David Oehl asked:
Could a spinning space craft be the solution to the problems of micro gravity?
Physicist Dave Ansell had a spin at answering David Oehl's question...
Dave - Microgravity is really bad for you because all sorts of things stop working. Your bones get very, very weak, your muscles get very, very weak.
Chris - What does it actually mean?
Dave - Microgravity, - if you’re in space, if you’re in orbit you’re just free falling which means that everything is falling with you which means that you’re effectively weightless because everything is falling at exactly the same speed as you are. So you can push off and float around - really quite fun but quite unhealthy. So the suggestion and it’s actually been suggested for a long time (it might have been Arthur C. Clarke who came up with it)...
Chris - 2001: A Space Odyssey had a spinning space station.
Dave - A spinning space station because if you get a bucket and spin it round your head, then you need to apply a force to pull it in to keep it going in a circle…
Chris - But the evidence is if you fill it with water, the water doesn't come out…
Dave - Doesn't fall out. So basically you change the direction of gravity, and if you’re in space the same thing happens and you’d create artificial gravity.
Chris - So if you had a big ring that was spinning, the person standing in one part of that ring in the same way as the fairground ride creates a sort of centrifugal effect, you feel thrown outwards and the ride pushes you back in to stop you flying off, the space station would, effectively, push up through the floor at you?
Dave - Yes. I think the reason why they haven’t done it so far is that you either need to spin very, very fast or you need to be very, very big and that makes everything very heavy and basically, no-ones build a space station big enough or had people up there long enough to make it worthwhile doing it.

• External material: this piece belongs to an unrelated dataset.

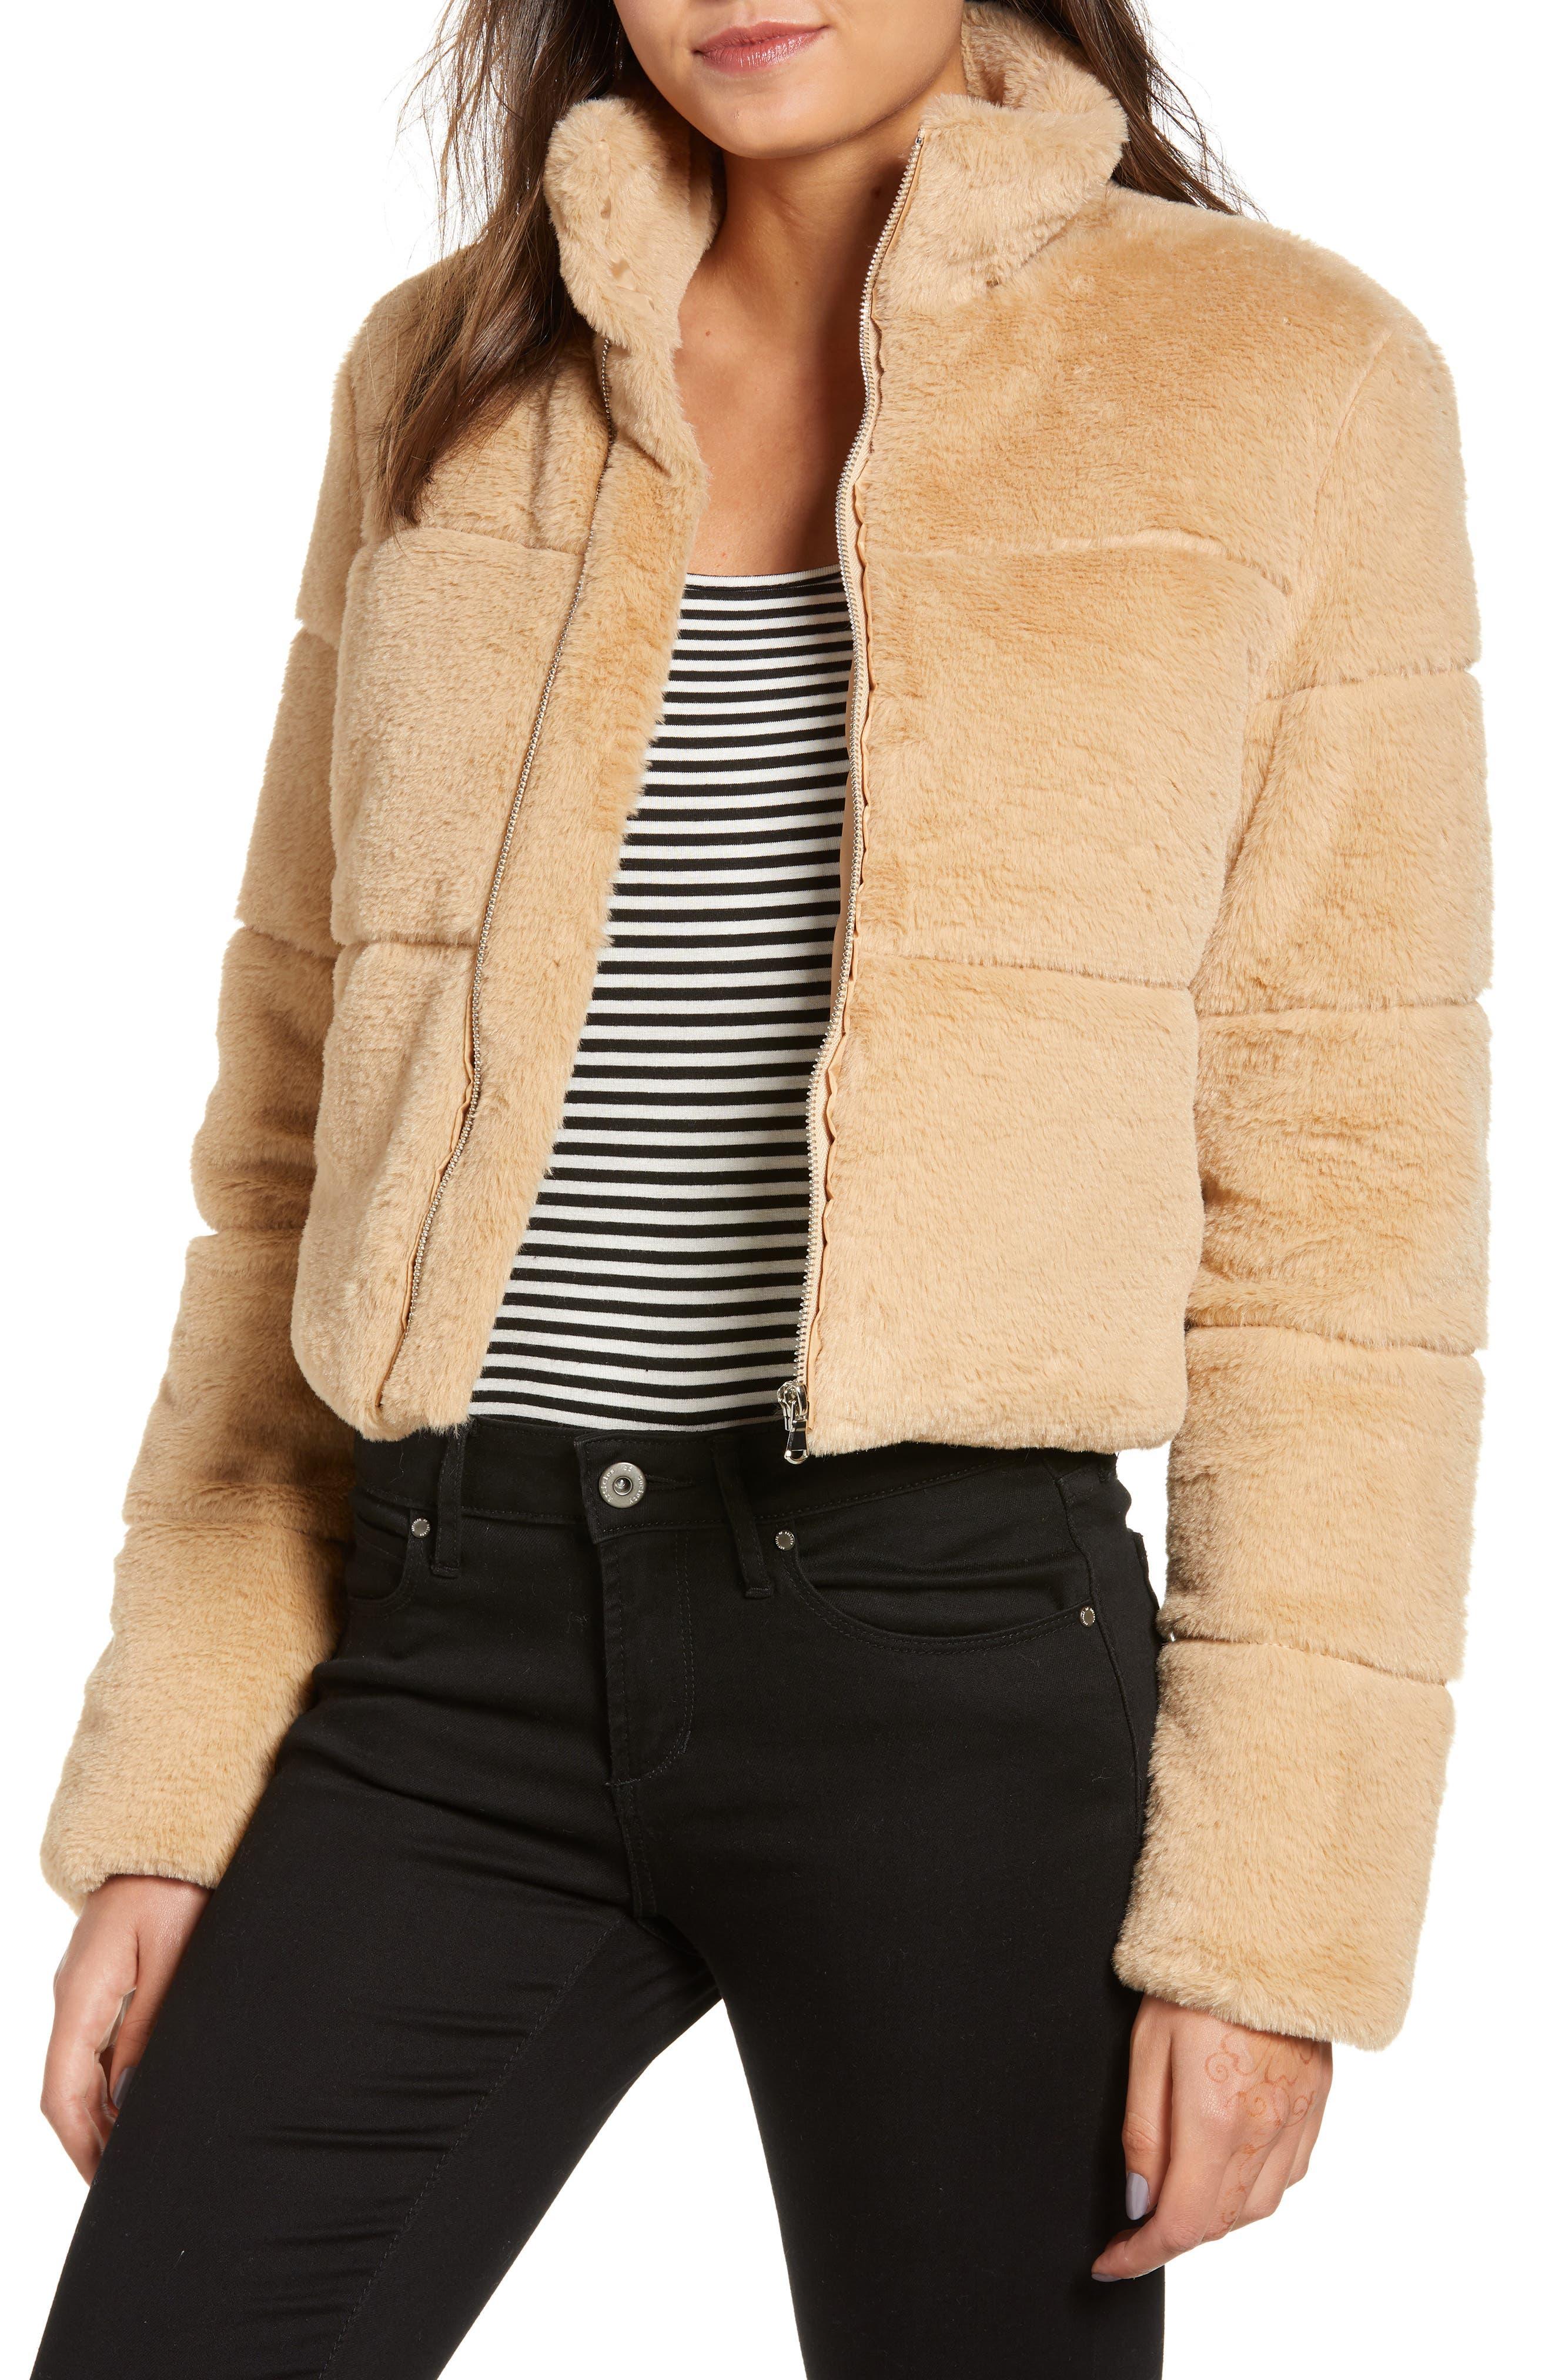 TIGER MIST, Bridget Faux Fur Puffer Jacket, Main thumbnail 1, color, 250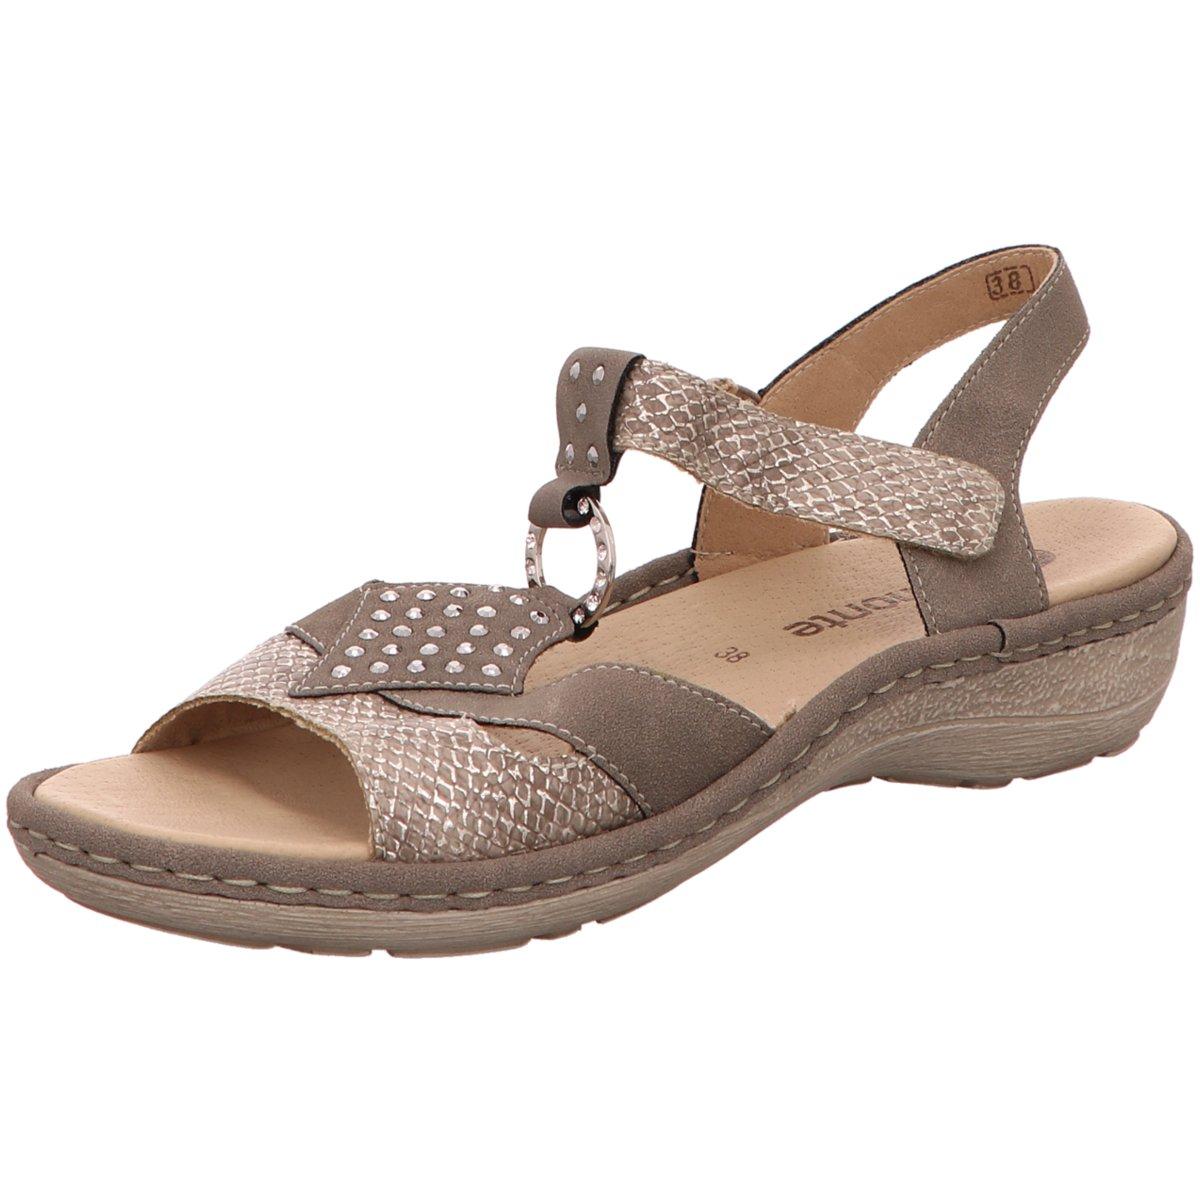 NEU Remonte Damen Sandaletten Mussurana Fango-Silv D7668-64 braun 304695

Chris - So if you had something very small that was turning very fast would that, nonetheless, whilst making some gravity make people feel extremely unwell whereas the rationale would be if you make it very big, the sense of rotation for a person would be smaller but they’d still, nonetheless, get the effect?
Dave - You probably would feel quite uncomfortable because, apart from anything else, everything would behave very, very strangely because you would get not just the centrifugal force, you get what’s called the coriolis force so if you threw something into the middle of a spaceship it would actually spin round and end up going in a completely different direction from one you’d expect it to be. I don’t know at what point it’s actually worth doing this. Certainly there has been talk of doing it if you’re sending someone to Mars over a few months if they’re still in one piece to get there but certainly so far, no-one’s tried.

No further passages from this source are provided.